Database Design – 30 STEM Links a Week

What’s a Database?

If you do not know, a database is a place to store information used by software applications. For example, you could have a web page with a list of companies and all their locations with contact information for each location. Or a banking application on your computer to sort and manage your checkbook. In both cases, it makes sense to store the data in one piece of software called a database. The database has a structure and rules about how to add, edit, delete, and read data stored in the database.

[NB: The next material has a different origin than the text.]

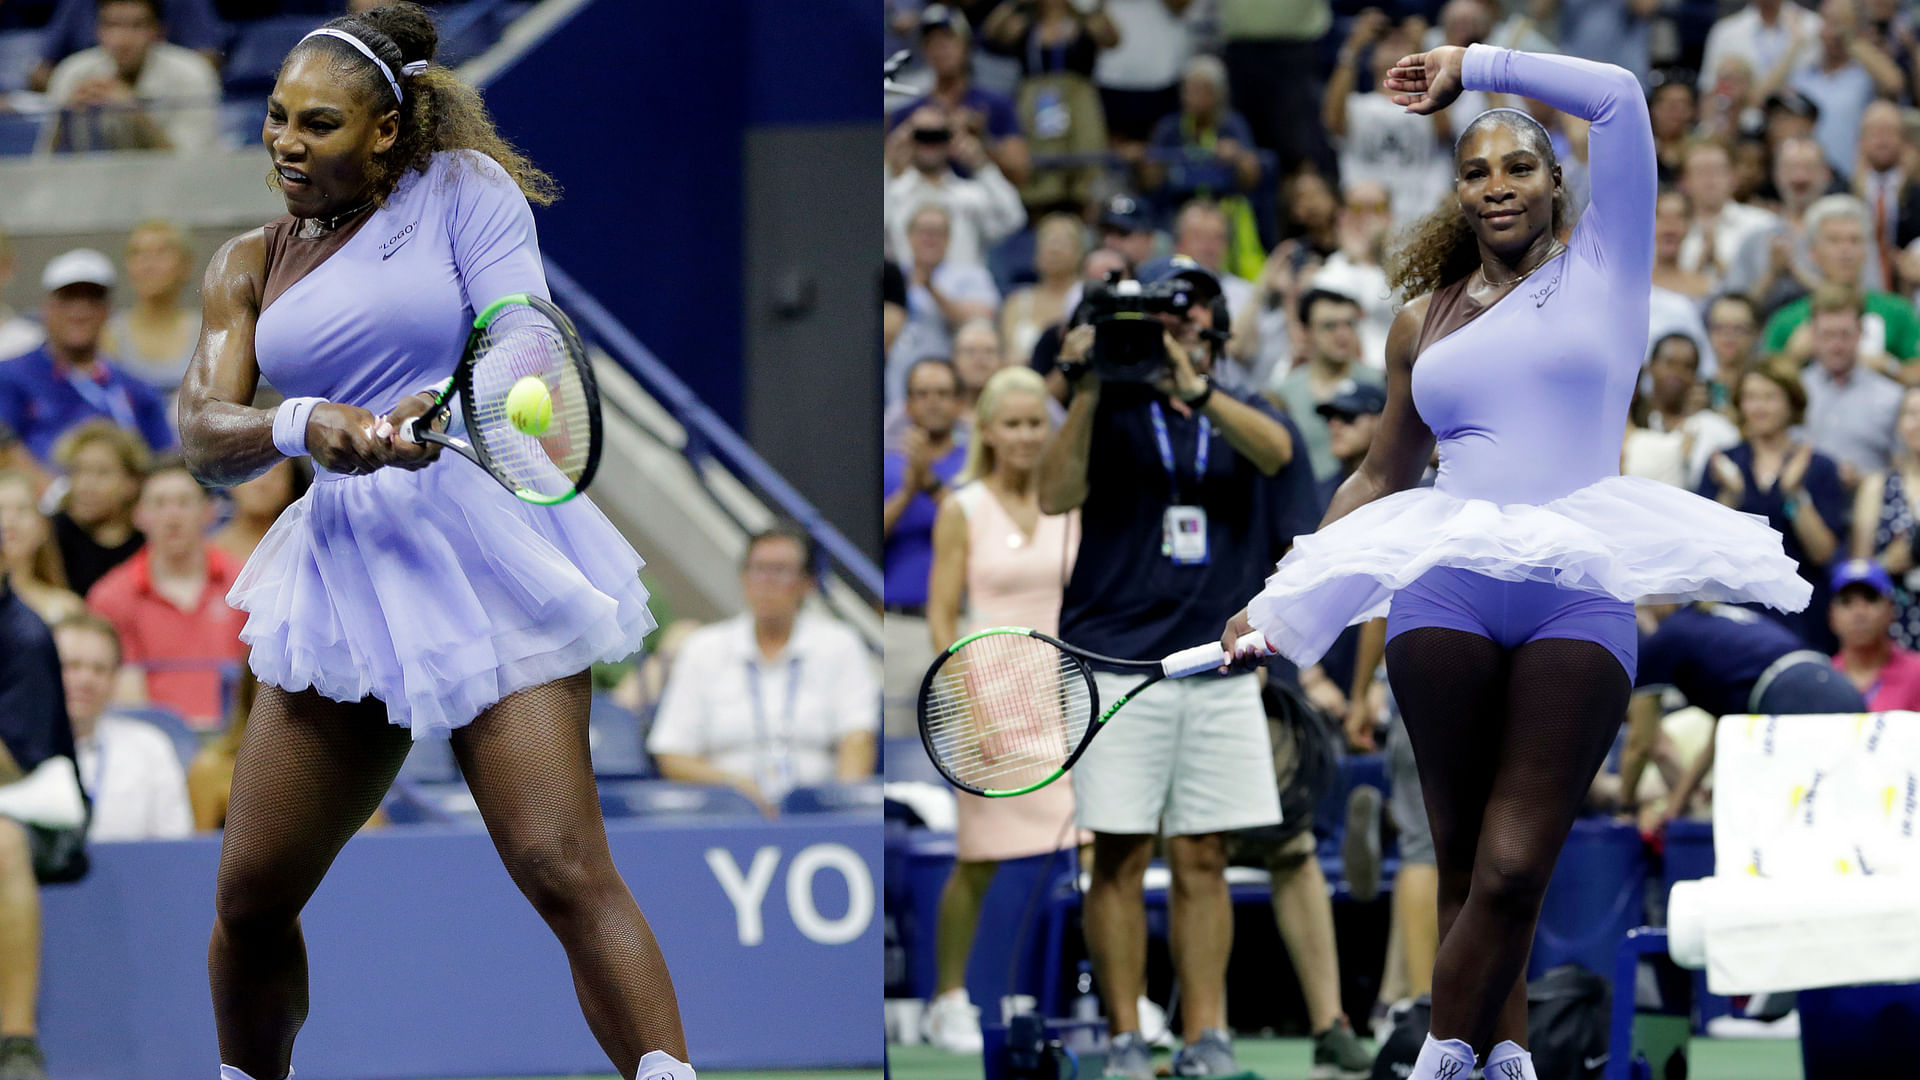 Serena Williams rocked a lavender tutu in her round 2 match.

Databases also reside in many different places. Some databases exist on only your computer. Other databases have their data shared and divided across hundreds or thousands of databases located in many data centers all over the world.

Types of Databases

There are at least two types of databases each with different design restrictions. The traditional SQL (Structured Query Language) database, also called a relational database, tends to have more tables (rows of data) and more references, relationships, and consistency between data in those tables. NoSQL violates many of the data consistency rules of SQL databases while providing benefits mostly unavailable with SQL databases.

For example, a NoSQL database works best for applications with massive amounts of data where most activity involves reading data from the database with some writing of data to the database. Reading is less intensive than writing because writing data to a database requires tracking when a database table is open. NoSQL databases tend to be on multiple machines and, in some cases, machines in multiple data centers. Keeping data in sync is comparatively easier and less complex with NoSQL databases. Even in cases where large data sets are not involved, some developers prefer the easier interactions between their code and a NoSQL database.

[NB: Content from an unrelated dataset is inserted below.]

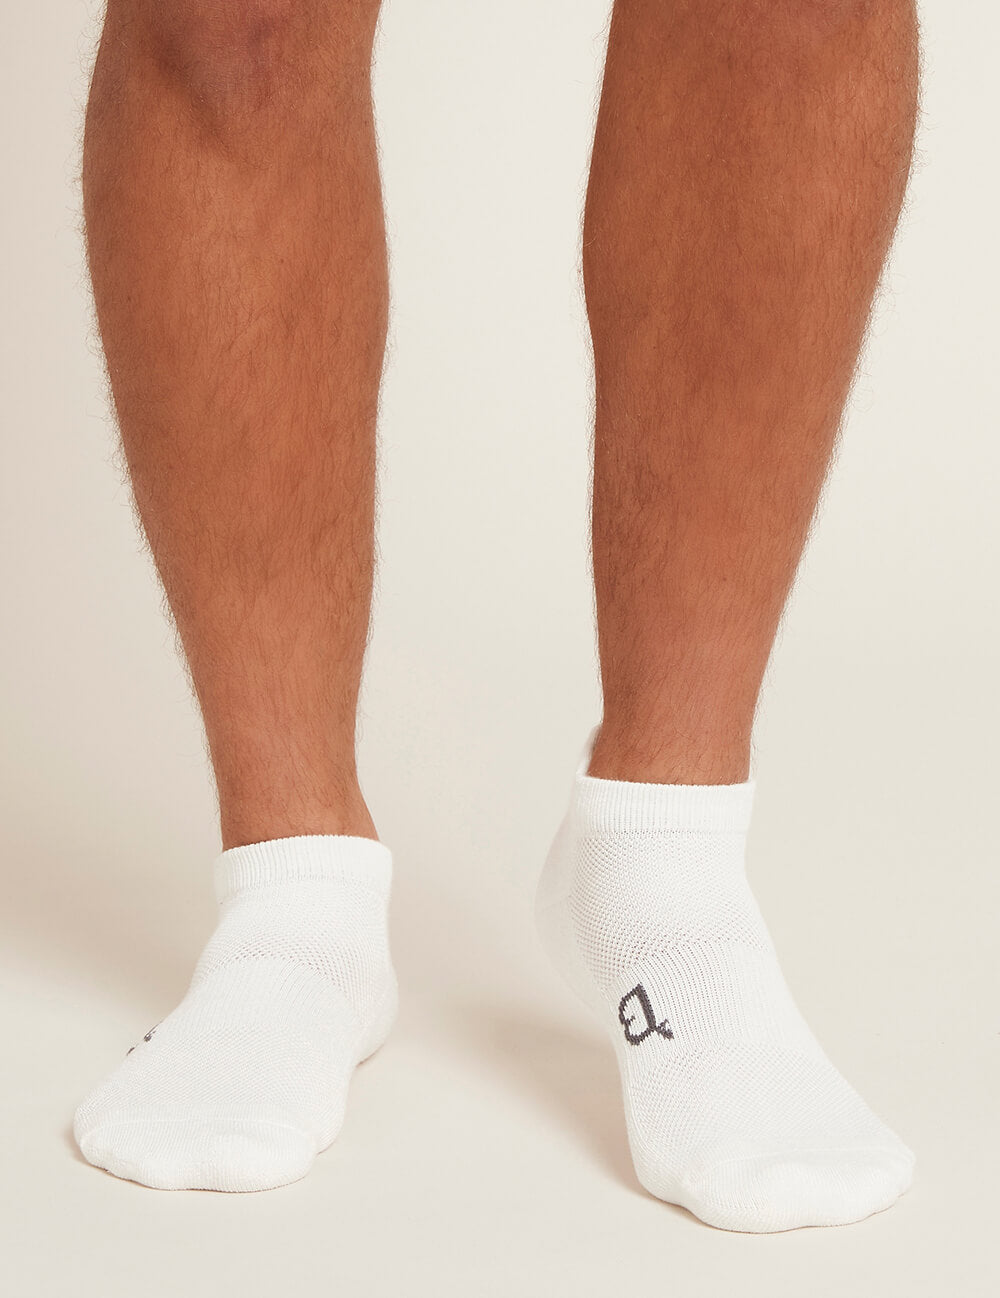 5-Pack Men's Active Sports Socks

Another key difference between these two types of databases is design flexibility. SQL databases tend to require more work and care because the underlying structure of one or more tables need to be adjusted when changes happen. NoSQL databases, in contrast, have table structures that make it comparatively easier to change the number of fields included in a database table.

As with anything technical, there are all sorts of exceptions you will encounter. For example, relational databases use sharding and other techniques to manage the synchronization of data across machines and data centers. This article is only an overview to provide context as you learn more about database design.

Data Models

The first step in any database design is the creation of a data model. The model distills all the functionality requirements for an application into data collections, for example, products, customers, and suppliers for an ecommerce site, as well as properties and relationships between these collections of data.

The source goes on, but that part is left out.